Уилки Коллинз - Лунный камень
— Не уходите, Годфрей, сказала она. Нѣтъ никакого основанія безпокоиться за меня, мамаша. А вамъ, Клакъ, до смерти хочется услышать окончаніе моихъ словъ; чтобы сдѣлать вамъ удовольствіе, я постараюсь не падать въ обморокъ.
Вотъ ея подлинные слова, которыя по прибытіи домой я немедленно вписала въ свой дневникъ. О, нѣтъ! не будемъ осуждать ее! Братья во Христѣ, не будемъ осуждать своего ближняго!
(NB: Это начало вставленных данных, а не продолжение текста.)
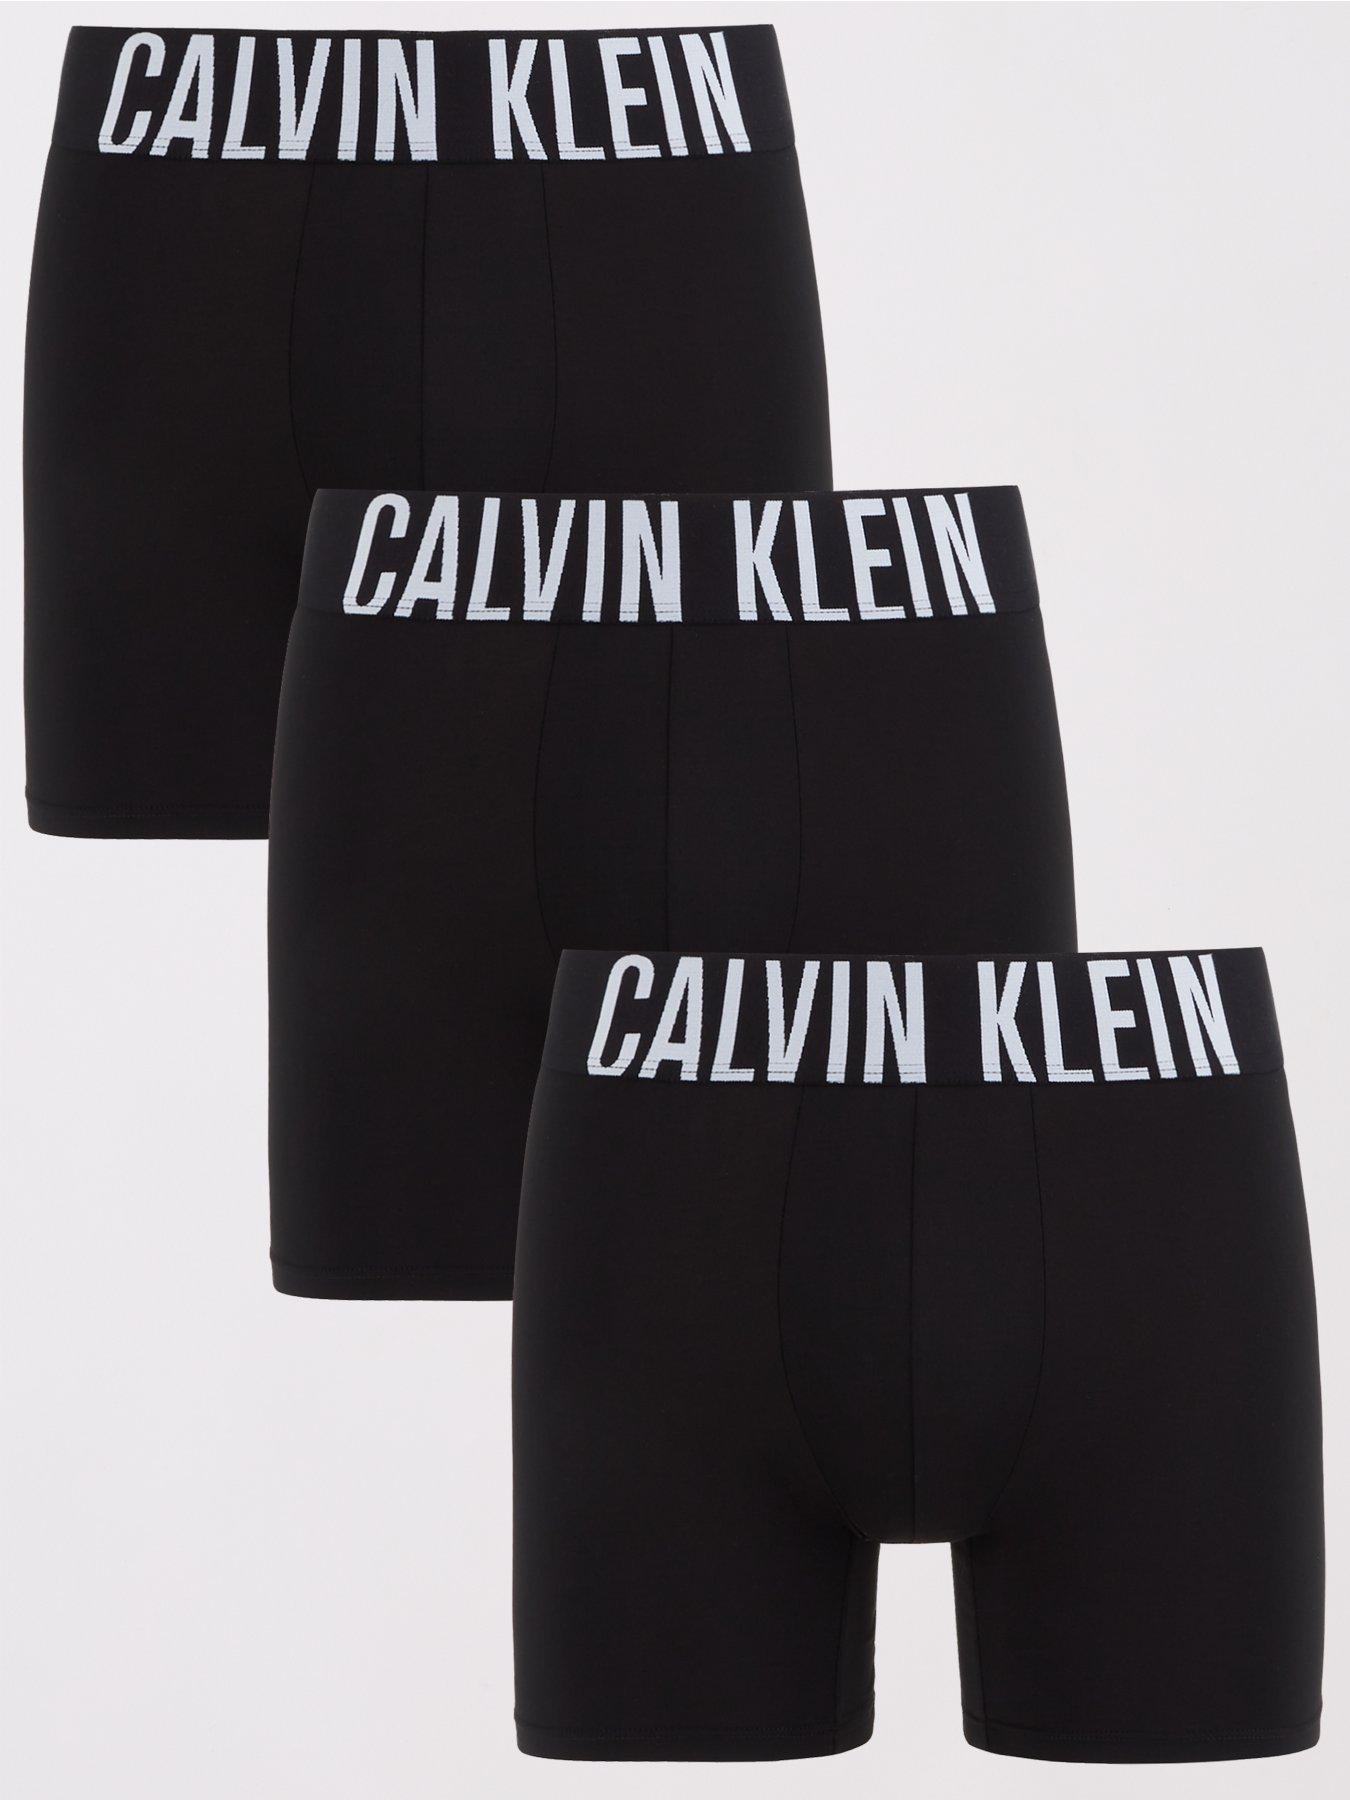 Calvin Klein Modern Cotton Stretch Trunks 5 Pack Multi

Она снова обратилась къ мистеру Годфрею и съ ужасающимъ упорствомъ вернулась опять къ тому мѣсту разговора, на которомъ остановилась.
— Минуту тому назадъ, продолжала она, — мы говорили съ вами объ извѣстнаго рода толкахъ, распространенныхъ въ публикѣ. — Скажите же мнѣ откровенно, Годфрей, говоритъ ли хоть кто-нибудь, что драгоцѣнность мистера Локера есть не что иное какъ Лунный Камень?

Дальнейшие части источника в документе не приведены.